Misrepresentation by a Child Day Care Provider in New York
What does it mean to give misrepresentations in childcare?
A misrepresentation in childcare indicates that a person or entity involved in childcare has provided false information about the services or other important information to those who would want to know such information. Also, the failure to provide pertinent information can be considered a misrepresentation.
Examples
Here are a few ways that a person can provide a misrepresentation in childcare.
- A child daycare center advertises that its daycare has a perfect safety record when, in reality, it has had several serious safety violations and incidents involving young children.

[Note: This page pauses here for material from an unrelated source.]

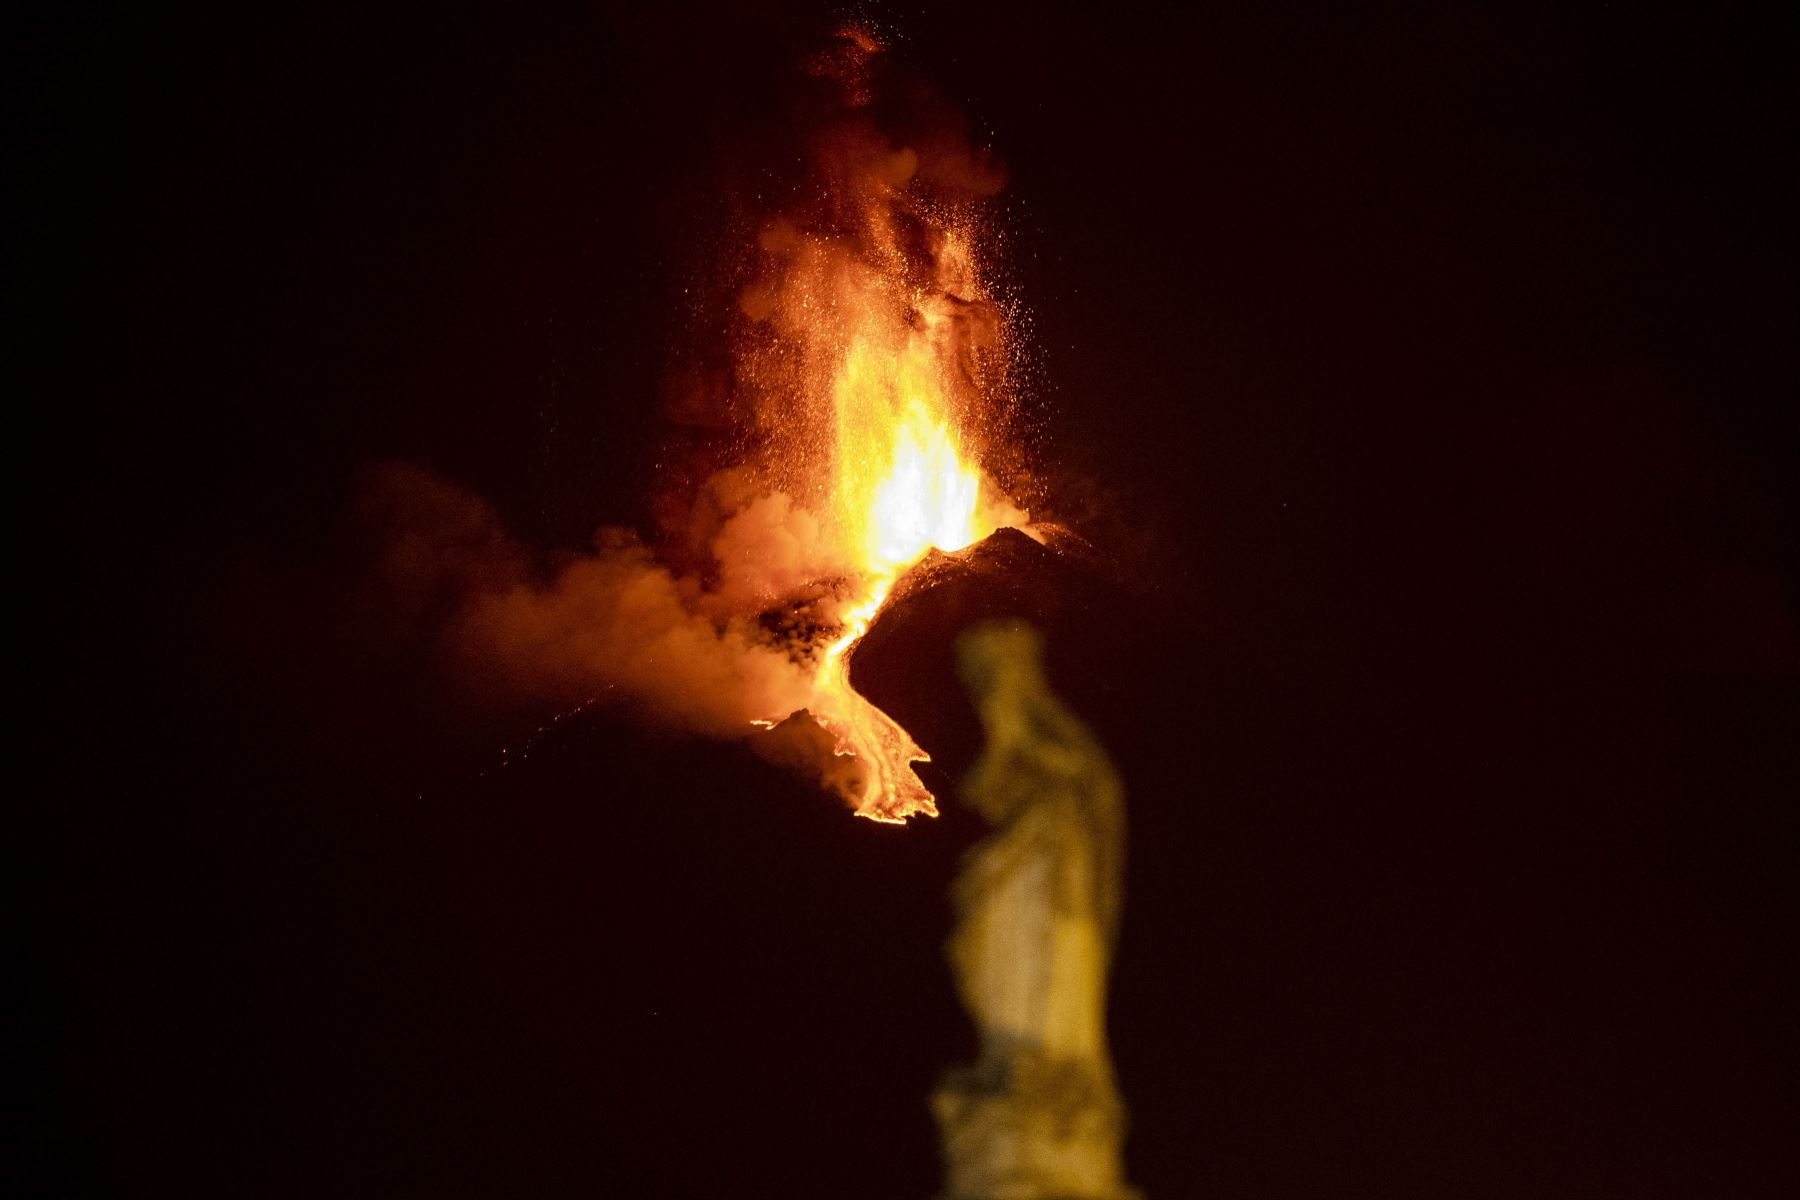 El volcán más activo de Europa, y muy cercano a la ciudad-puerto de Catania (costa este de Italia), ha estado con gran actividad las últimas semanas. Foto: AFP

- A daycare worker does not inform parents that if an infant is experiencing pain from teething, they are automatically given Tylenol.
- A daycare provider fails to disclose an employee has a criminal child abuse record.
- A daycare center that has a large pool out back states that only children over ten years old will be able to use the pool or be near the pool area. However, in reality, the daycare has teachers bring out smaller children to enjoy being around the pool.
- A daycare states that all children will sleep in specially designed and federally approved cribs. However, the cribs were certified over ten years ago, and both the certification and the expiration date of the crib have passed.
- A person seeking to obtain a childcare position from a couple lies that she has ten years of childcare experience when, in reality, she has only two.
- A daycare center states that all of their workers are licensed by the state when only two of ten individuals actually are licensed, daycare providers.
These are not the only ways an individual can provide a misrepresentation in childcare. If a daycare or daycare provider makes a statement that is deceiving, concealing, false, or omits important details that a reasonable person would want to know, then it will most likely be considered misrepresentations in childcare.
If you or a loved one has been charged with misrepresentations in childcare, please call our law offices today. Our team of attorneys are exceptionally skilled and want to help you!
What does New York law say about misrepresentations in childcare?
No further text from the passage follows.